We have spent a good amount of time, on and off, studying 1 John. We have observed in this letter that John’s readers were being threatened by false teaching that presented a superficial view of Jesus Christ. John writes to combat this false teaching. He concludes his letter with a passionate exhortation: “Little children, keep yourself from idols” (5:21).
John was not concerned that his readers would bow to images of Jupiter or Diana. He was concerned that they would embrace the superficial view of Christ promoted by the Gnostics. His exhortation was pointed: Whenever we embrace an unbiblical view of God, we embrace idolatry.
It has been noted that the difference between the first and the second of the Ten Commandments is that the first instructs us to worship God alone while the second instructs us how to worship God alone. Another way of stating this is that the first command instructs us to keep God first while the second instructs us to keep him separate. We must not treat God the way idolaters treat their gods. We must not treat him the way we treat our gods.
We do well to recognise that we are all tempted to idolatry.
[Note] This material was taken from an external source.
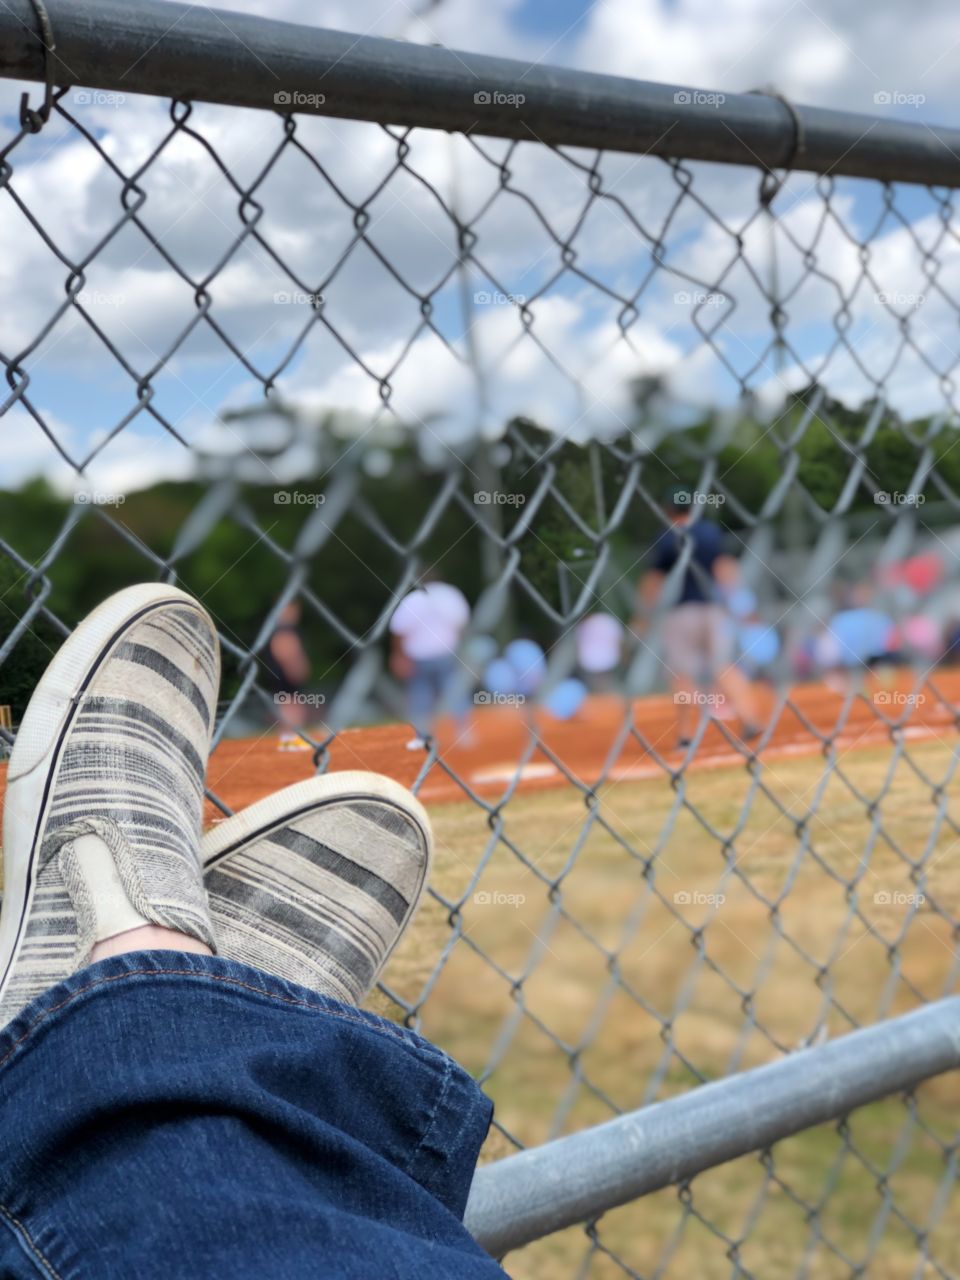 Wearing Mossimo Supply Co for comfort when relaxing at weekend T-ball

Calvin wrote that the human heart is a perpetual forge of idols. He did not mean that we are unendingly tempted to produce statues of Zeus, Ra, or Ganesh. He meant that we are prone to treat God as nothing special. We are prone to relegate him in our affections to the same place as—or even lower than—our other affections.
Paul Tillich has defined faith as “the state of being ultimately concerned.” We worship, in other words, that which ultimately concerns us. Your god is whatever is of ultimate concern to you. Since we all have something of ultimate concern, we are all worshippers. The question is, what holds that place of ultimate concern in your life?
It comes down to a question of value. We far too often fail to grasp God’s inestimable worth. Our sinful hearts place inordinate value on things like money, success, family, and education, and the unbelieving culture elevates the worth of these things. The result is that we underestimate God’s worth in our lives and therefore fail to accord him the place of ultimate concern that belongs to him alone.
When our worship of and devotion to the Lord wanes, the solution is not to try harder. The solution is to see clearer—to gain a clearer vision of who God is. This will enable us to put all other things in their proper place so that he receives our primary devotion. The simple hymn states it beautifully:
Turn your eyes upon Jesus,
look full in his wonderful face,
and the things of earth will grow strangely dim
in the light of his glory and grace.
How do we do this? How can you turn our eyes upon Jesus today and thereby gain a clearer vision of God’s worth? Here are three brief suggestions.
First, immerse yourself in the Gospels. Spend some time reading about the life and ministry of Jesus. Discover, from the mouth of the Spirit himself, Christ’s kindness, power, grace, and beauty.
Second, engage with those who have a clear vision of Christ. We saw in Numbers 11 on Sunday that our choice of companions will affect our response to God. Sharpen your own vision by fellowshipping with those who understand the worth of Christ.
Third, pray for a clearer vision of Christ. Ask God to enable you to see Christ in his beauty so that you will worship him as you should. Pray that the things of this earth will lose their lustre as you gaze intently upon the glory of the resurrected Christ.